3.2 The effects of TiO2 addition to biolatex on surface sizing
TiO2, in the form of rutile, has been used in the coating industry; its excellent performance is due to the stable structure of rutile, good covering power, decorative functions, enhanced chemical stability, and other advantages[10]. Similar to the OBAs, TiO2 is commonly used in coating formulations as a high-whiteness pigment to improve whiteness and brightness of paper and paperboard[9]. TiO2 is used as functional additive to the biolatex in order to obtain TiO2-biolatex compound, which can effectively improve optical properties of sized paper, and have a certain effect on its mechanical strength and adhesion of coating membrane[10]. Below are descriptions of the results on the effects of TiO2 addition on the whiteness, surface strength, internal bond strength, tensile strength and ink absorption of the sized paper.
3.2.1 Whiteness
Fig.2 shows the effect of TiO2 on the ISO whiteness of sized paper. Before the TiO2 addition, the difference among the samples’ whiteness that were at the average level of 102%, was small, and the whiteness increased after the TiO2 addition. The TiO2-biolatex compounds were prepared by microwave-assisted method, which maintained a certain distance between the TiO2 particles. This enhanced the light scattering efficiency and consequently the paper’s optical properties improved. The whiteness of the samples No.3, No.4, and No.5 increased slightly; on the other hand, the whiteness of samples No.1 and No.2 improved significantly by about 9.4% and 5.8%, respectively. TiO2 is a powder with a high degree of whiteness, which improves light scattering efficiency and whiteness of the coating layer when uniformly distributed in biolatex, but the oxide must be in an optimum concentration. That is why the sized paper’s whiteness gradually increased with the addition of TiO2, up to the point where the opposite effects occurred due to crowding of the TiO2 particles. This turning point is the optimum concentration. The effects of TiO2 were diverse due to different surface charges of the biolatex, which caused different distributions of the components; thus, the optimum concentrations of these samples were different. 3.2.2 Surface strength
As can be seen in Fig.3, the effect of TiO2 on the paper’s surface strength was diverse. TiO2 addition reduced the surface strength of sized paper, with the exception of the sample No.4. In previous studies, it was found that the colloidal particles of No.4 biolatex were positively charged and the particles of the other biolatexes were charged negatively. After the surface sizing agent was applied to the paper’s surface, the colloidal particles migrated during the drying process rendering the sizing layer’s uneven distribution. The TiO2 particles were positively charged and formed a TiO2-biolatex conjugate system after they were added to the biolatex. On the other hand, the fiber was negatively charged and when the cationic biolatex was applied to the paper, these cationic colloidal particles were quickly absorbed on it and the migration intensity was relatively low. Furthermore, water-soluble adhesive would form a rough sized surface, while some of the TiO2 particles added to the biolatex should fill the pores to improve the sizing layer’s smoothness, some should migrate with the water to the paper interior, while most of the particles should be retained near the surface. These processes improved both the surface strength and the surface smoothness of sized poper. However, because the negatively charged biolatex that possessed a large number of negatively charged colloidal particles absorbed onto the TiO2 surface, more TiO2 migrated with the colloidal particles to the paper interior under the same dosage; thus, the amount for sizing on the surface was reduced, consequently reducing the surface strength.

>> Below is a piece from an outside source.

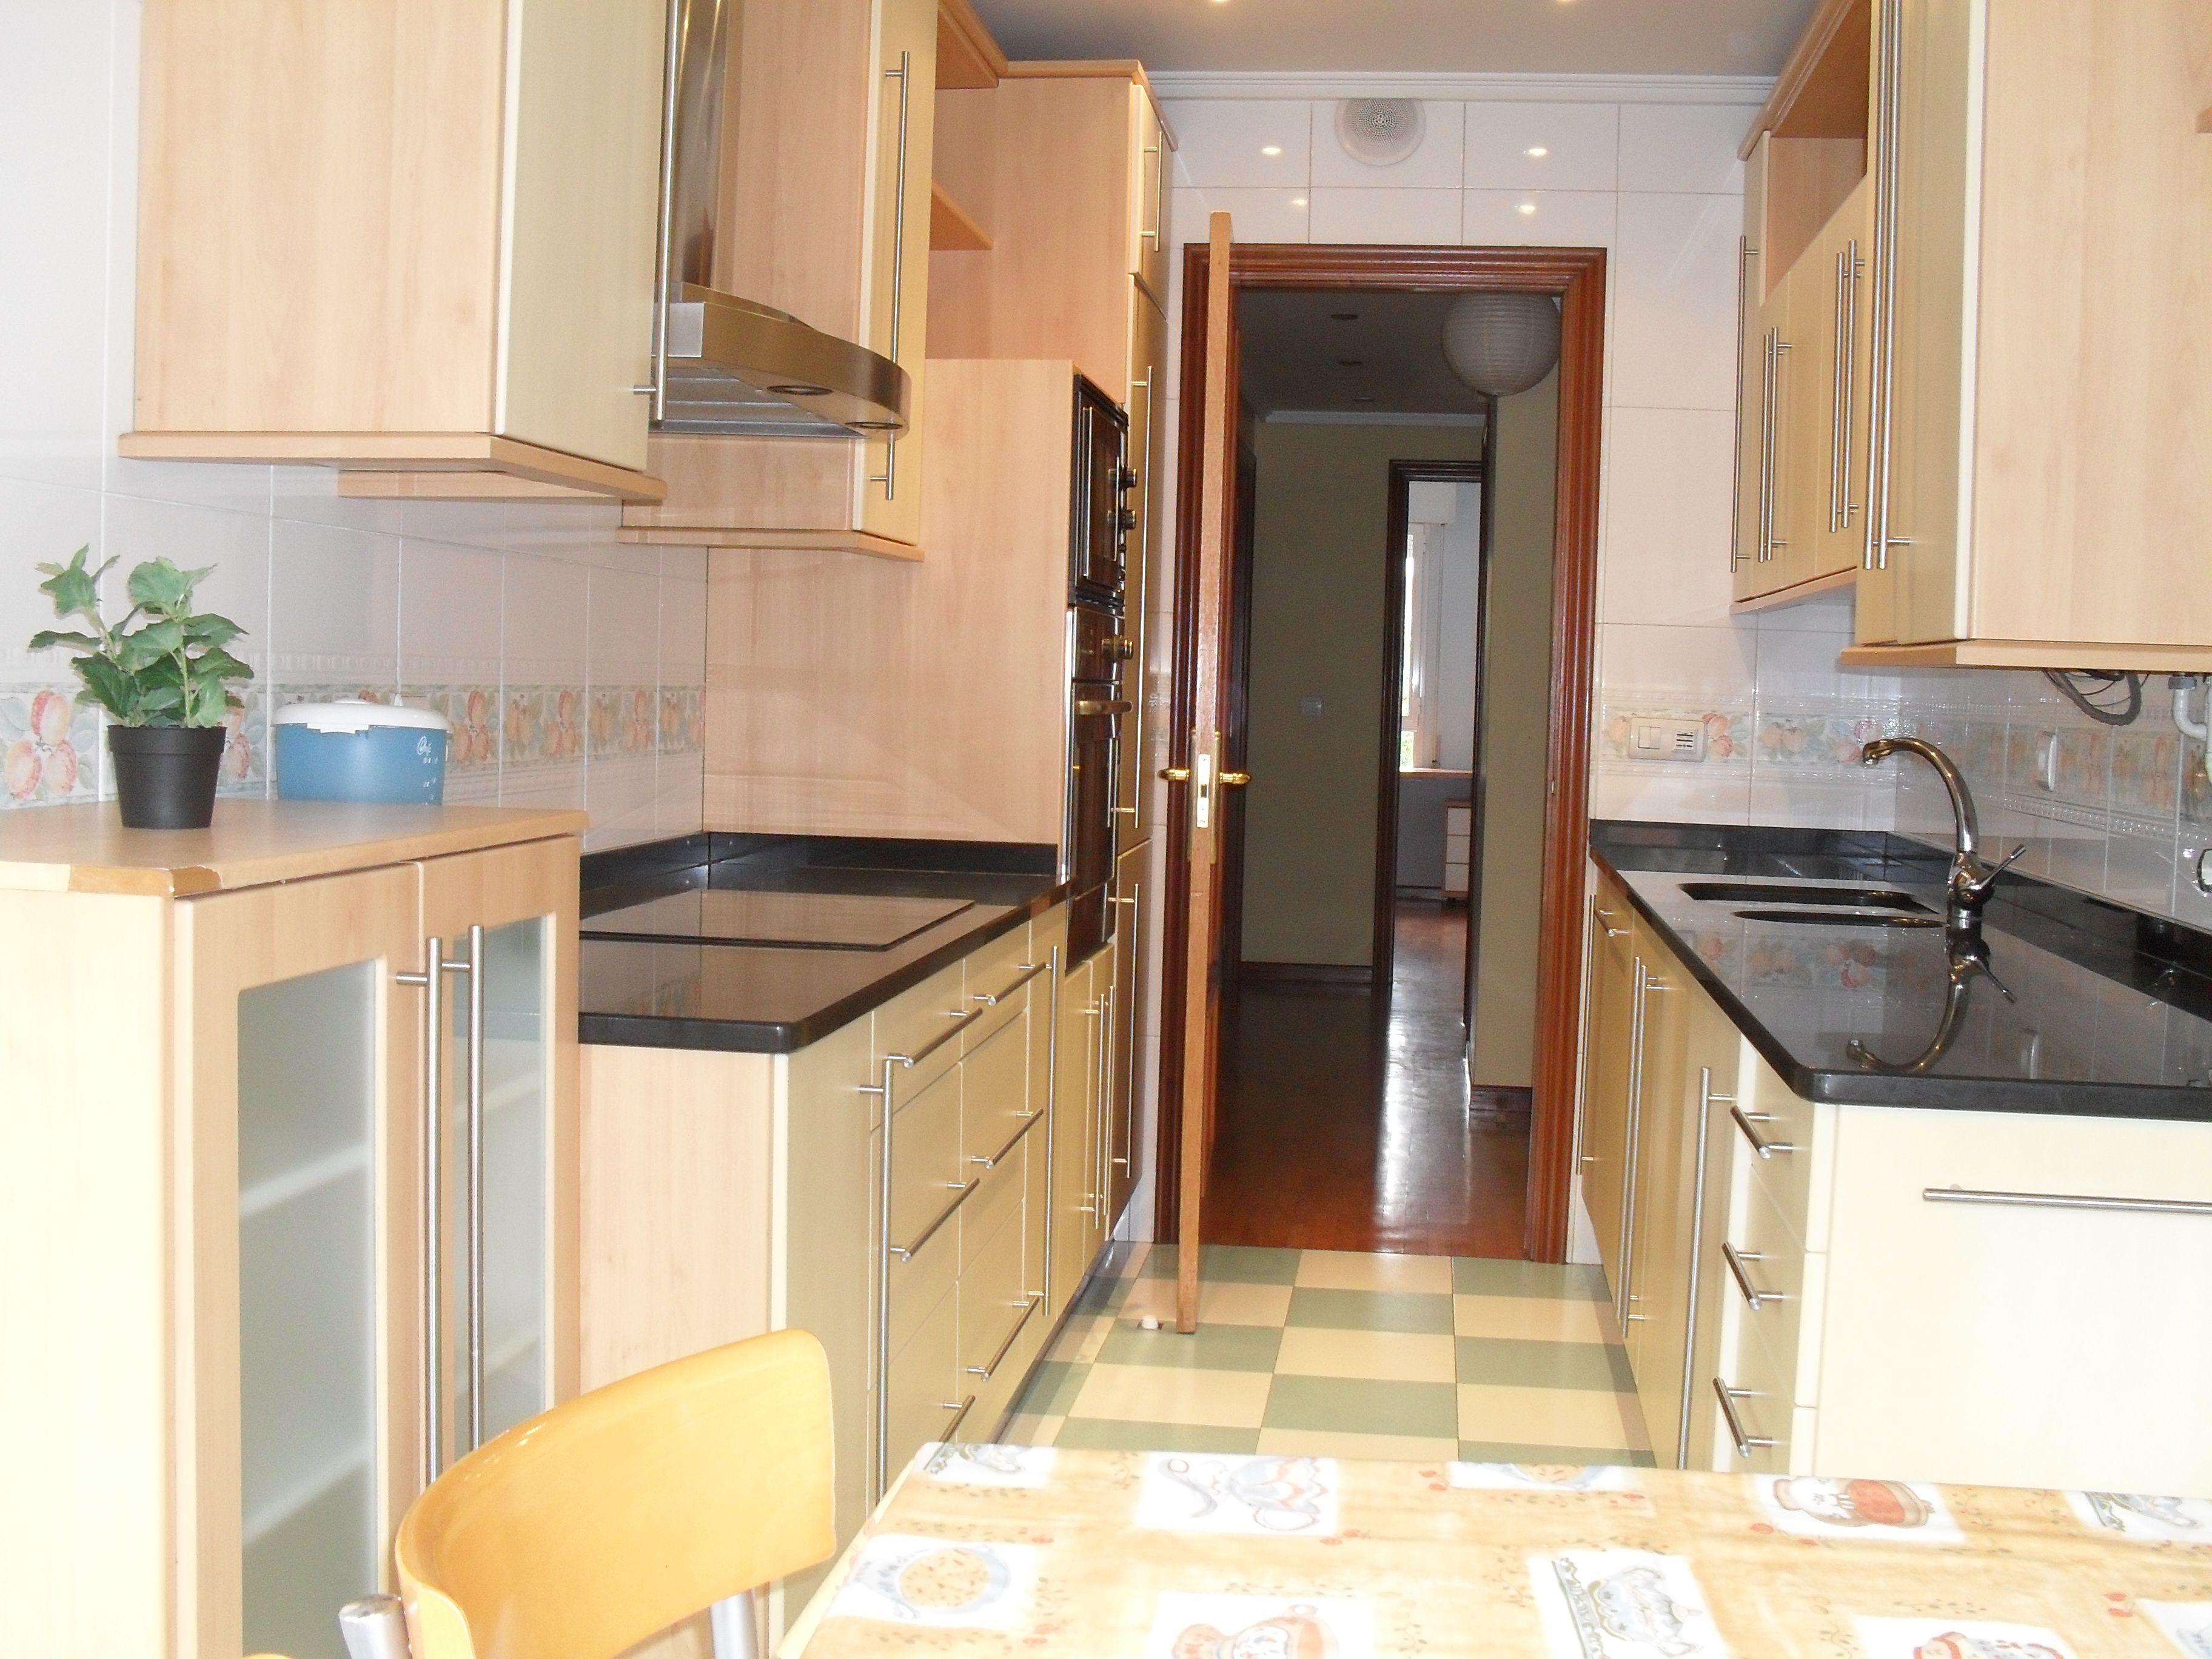 Apartamento céntrico en Vitoria de 3 dormitorios

3.2.3 Internal bond strength
Various preparation methods of the biolatex adhesives lead to different colors, adhesion performances, and application potentials. Their application to surface sizing also changed the internal bond strength of the sized samples (Fig.4). After TiO2 addition, the internal bond strength of the sized paper increased by various degrees. For sample No.4, the increase was by ~26% and the effect was obvious. The main reason for this phenomenon was even distribution of the TiO2 particles in the biolatex; thus, when the surface sizing agent was applied to the paper’s surface, the particles could migrate with the latex adhesives and then fill the internal pores of the paper. The fiber’s surface is usually negatively charged and when the TiO2 and the colloidal particles migrate to the paper interior, TiO2 is absorbed onto the fiber’s surface, which formed an uneven distribution between the fiber layer and the adhesive, what closely bonded the fiber and TiO2 together. Hence, the paper was difficult to peel as the z-direction bond strength increased due to the increased internal bond strength of the sample. 3.2.4 Tensile strength
Fig.5 illustrates the influence of TiO2 on the tensile strength of sized paper. The tensile strength of all the samples decreased due to TiO2 addition. This might be due to the different concentration of TiO2 in the biolatex. At the same sizing agent dosage, the content of the colloid particles in the biolatex adhesives with added TiO2 was lower compared to the sizing agent without TiO2. The strength in the x-y direction is mainly related to the fiber’s strength itself and the internal bond strength between the fiber layer in this direction. Some of the biolatex migrated to paper interior and adhered to the fibers to enhance paper properties. However, after adding TiO2 to the biolatex, the conjugate migration occurred (biolatex and TiO2), hence there was less adhesive in the paper, at the same applied sizing agent dosage, and the bond strength between its fibers was weakened. All of the phenomena lead to the tensile strength of sized paper decline.
3.2.5 Ink absorption
The effect of TiO2 on the ink absorption of sized paper has been shown in Fig.6. It can be seen from Fig.6 that the ink absorption of the sized paper increased due to the addition of TiO2 similarly for all the samples. The sized surface after application of water-soluble adhesives is rough compared to the latex adhesives. Such surface promotes ink absorption. TiO2 is a pigment characterized with good ink absorption used in papermaking. TiO2 that used in this study (rutile, 625 nm particle size powder) mixed with the biolatex and sized on the paper’s surface and increased its porosity along with the ink absorption increase[11]. For the same sizing agent dosage, TiO2 sized layers were basically the same, although their properties were different due to the biolatex and TiO2 arrangement. Nonetheless, most of the positively charged TiO2 was arranged near the sizing layer’s surface, which had positive effects on the ink absorptivity. There were some differences between the samples due to different arrangement of the sizing layer.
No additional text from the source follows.